Cherie Howie

Cherie Howie is a reporter for the Herald on Sunday.

Night out with the boys saved man from Kaimai crash

Beth Okeby, 87, kept her husband's cancelled air ticket. Photo / Abby Dance
Beth Okeby, 87, kept her husband's cancelled air ticket. Photo / Abby Dance

A 50-year-old tall tale about how a table saved a man from death in the worst air disaster on New Zealand soil has been quashed by his widow.

Roger Okeby was the National Airways Corporation Tauranga branch manager when he cancelled his seat on a flight home from Auckland.

The decision saved his life when the National Airways Corporation DC-3 he was meant to be on crashed in the Kaimai Ranges, killing all 23 passengers and crew. It is the 50th anniversary of the crash on Wednesday.

Okeby told media at the time he cancelled his ticket because he wanted to buy a table.

Okeby died in the late 1980s aged 66, but his 87-year-old widow Beth told the Herald on Sunday this week that there was no table.
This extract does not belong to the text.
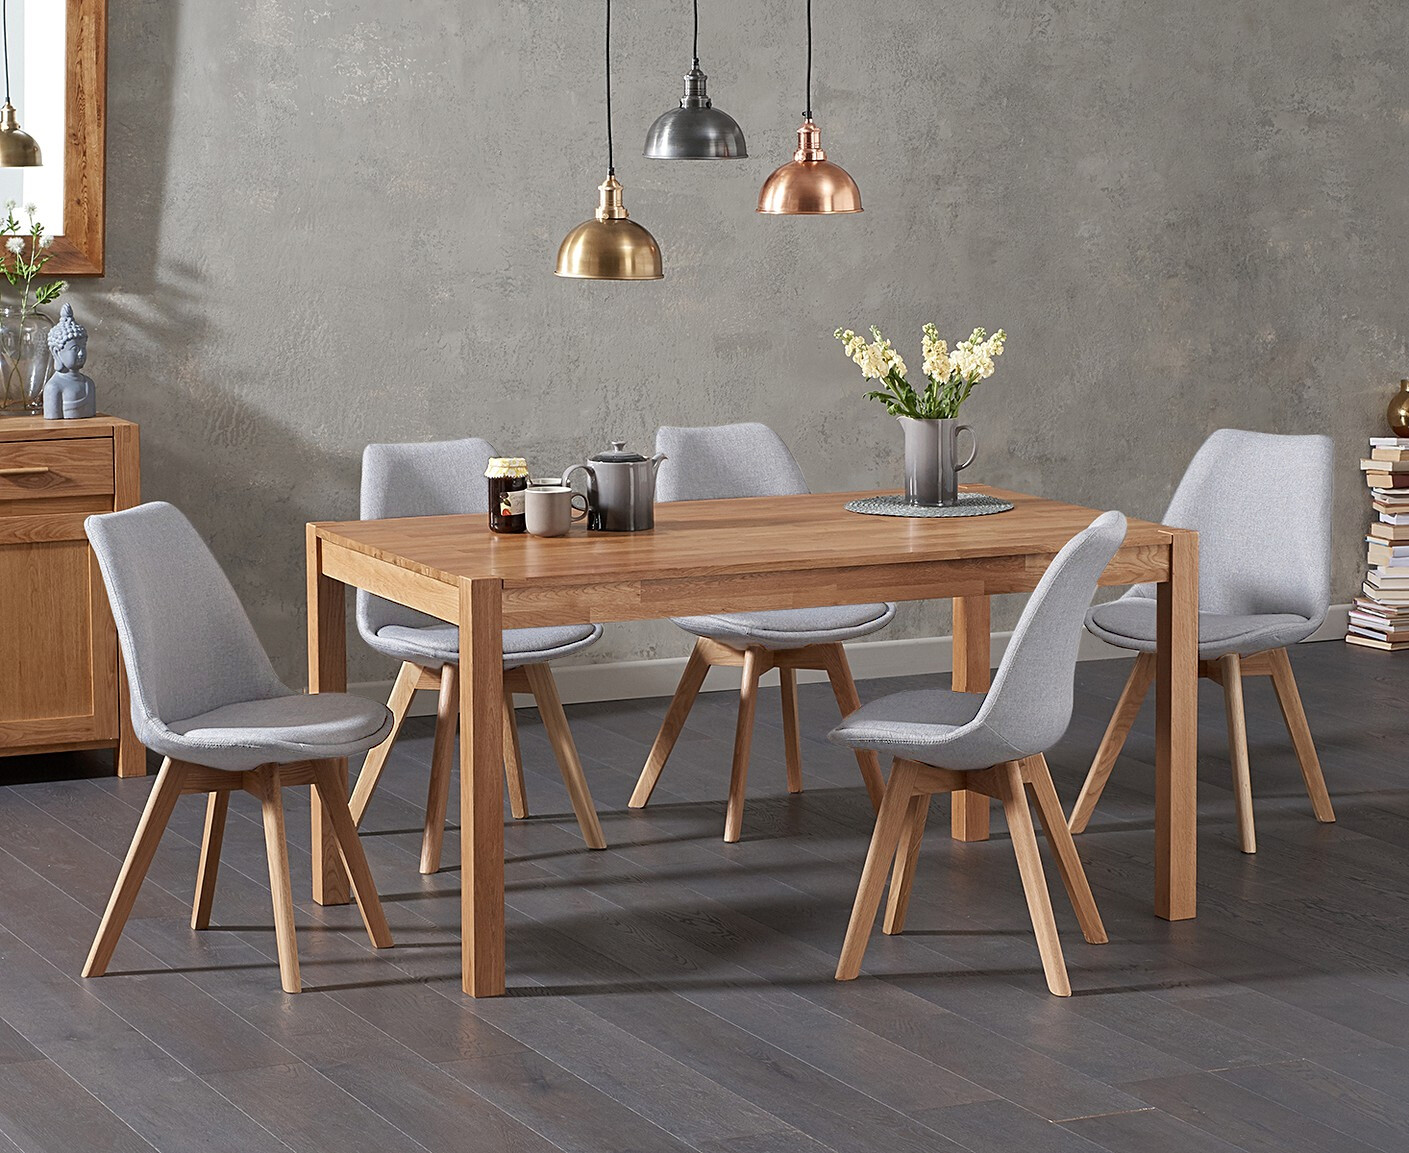 Photo 2 of Oxford solid oak 150cm dining table with 8 dark grey orson chairs

What really saved her husband was a late night out with colleagues, who were in Auckland for a conference.

"NAC used to be called the family airline. They all knew each other very well from being in the air force together during the war.
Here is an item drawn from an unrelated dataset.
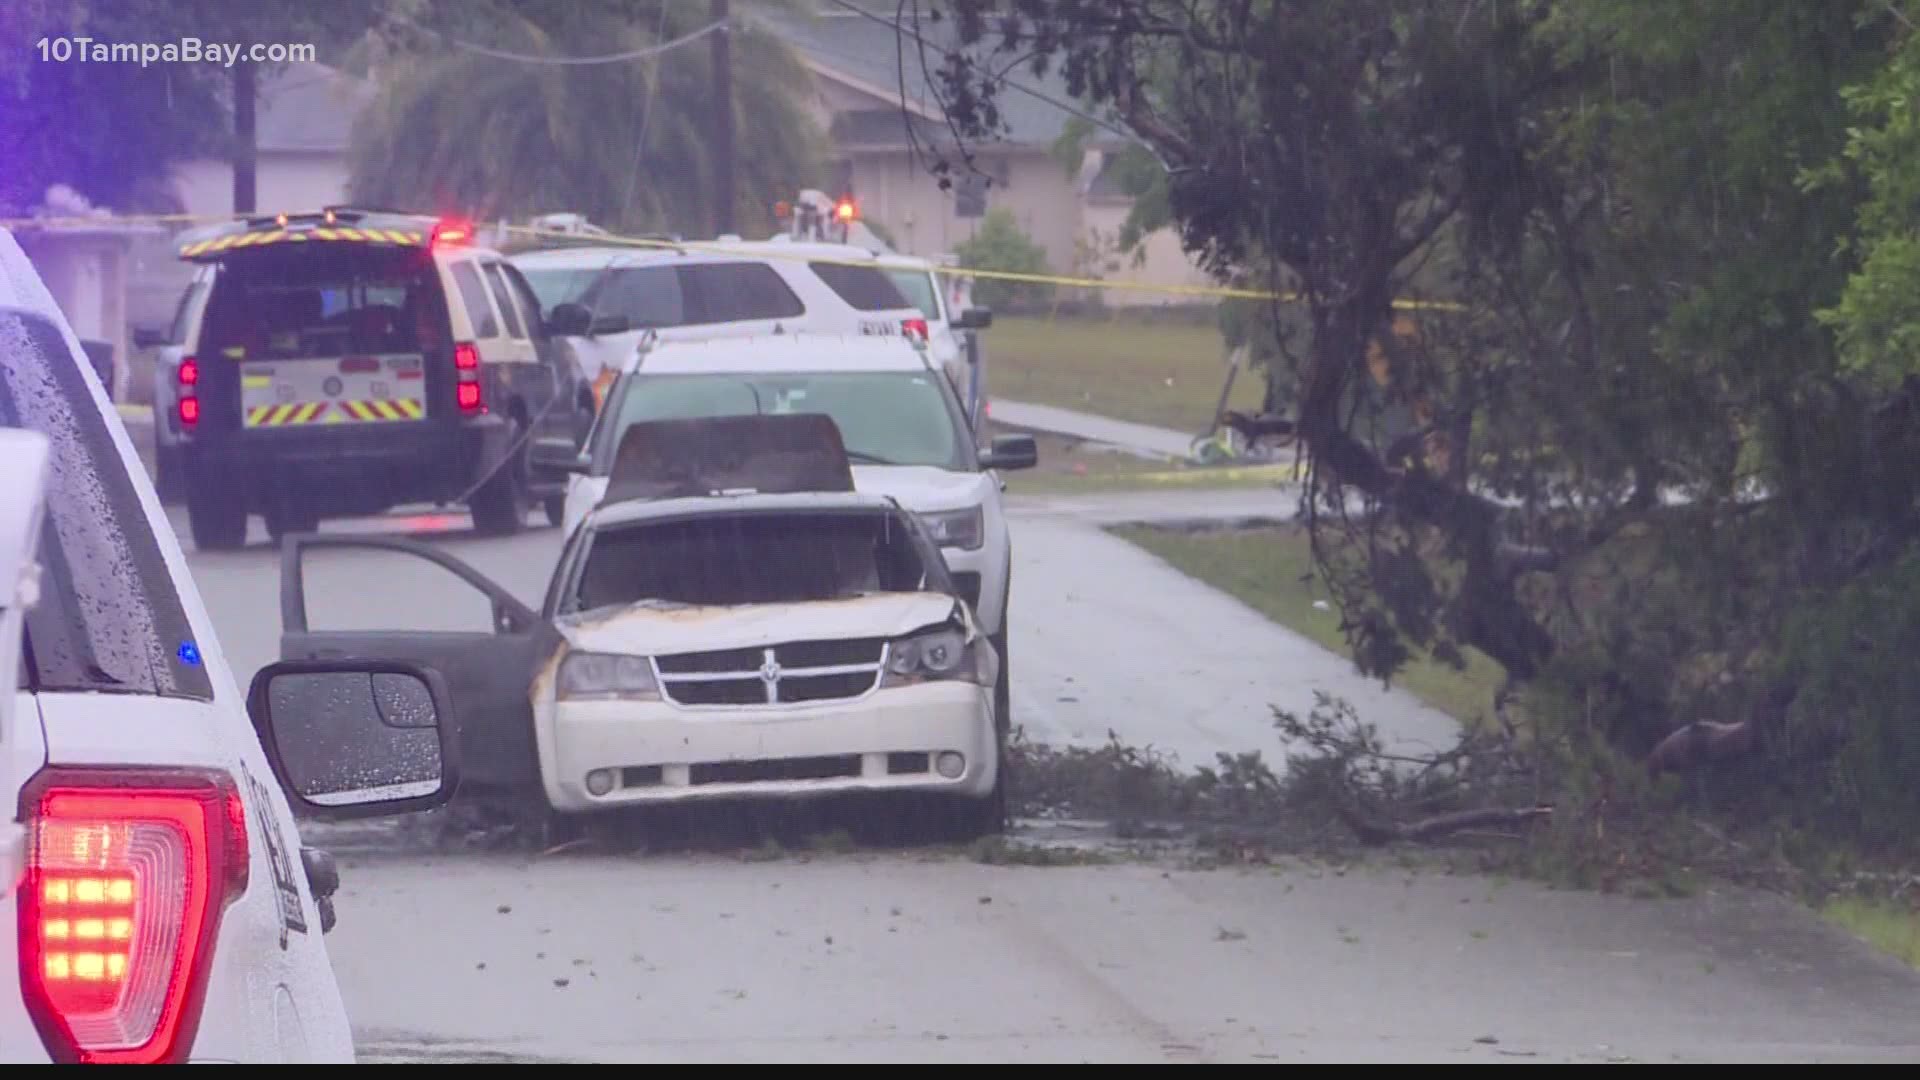 A 17-year-old girl was electrocuted when she came in contact with a downed power line during strong storms Sunday afternoon.

"It was always a very jovial affair and they were up very late.

"He told me he had to be at the airport at 7.30am and he thought in the morning, 'Actually, why do I have to be up so early?'

"So he cancelled and was saved."

Her husband discovered the plane was missing when he emerged from his hotel room later in the morning to shocked expressions on the faces of his work colleagues.

"They thought he was on the plane. They thought he was a ghost and they said, 'Are you really there'?"

She was told her husband was safe before she knew the plane was missing, an action she was thankful to be able to repeat for the couple's three teenage children.

"They heard about it the right way around."

The weeks following the crash were busy as her husband helped the families of those killed, she said.

He never reflected on his close call.

"It never upset him.

"He'd been in Bomber Command in World War II and had a lot of experience with planes crashing and people being killed."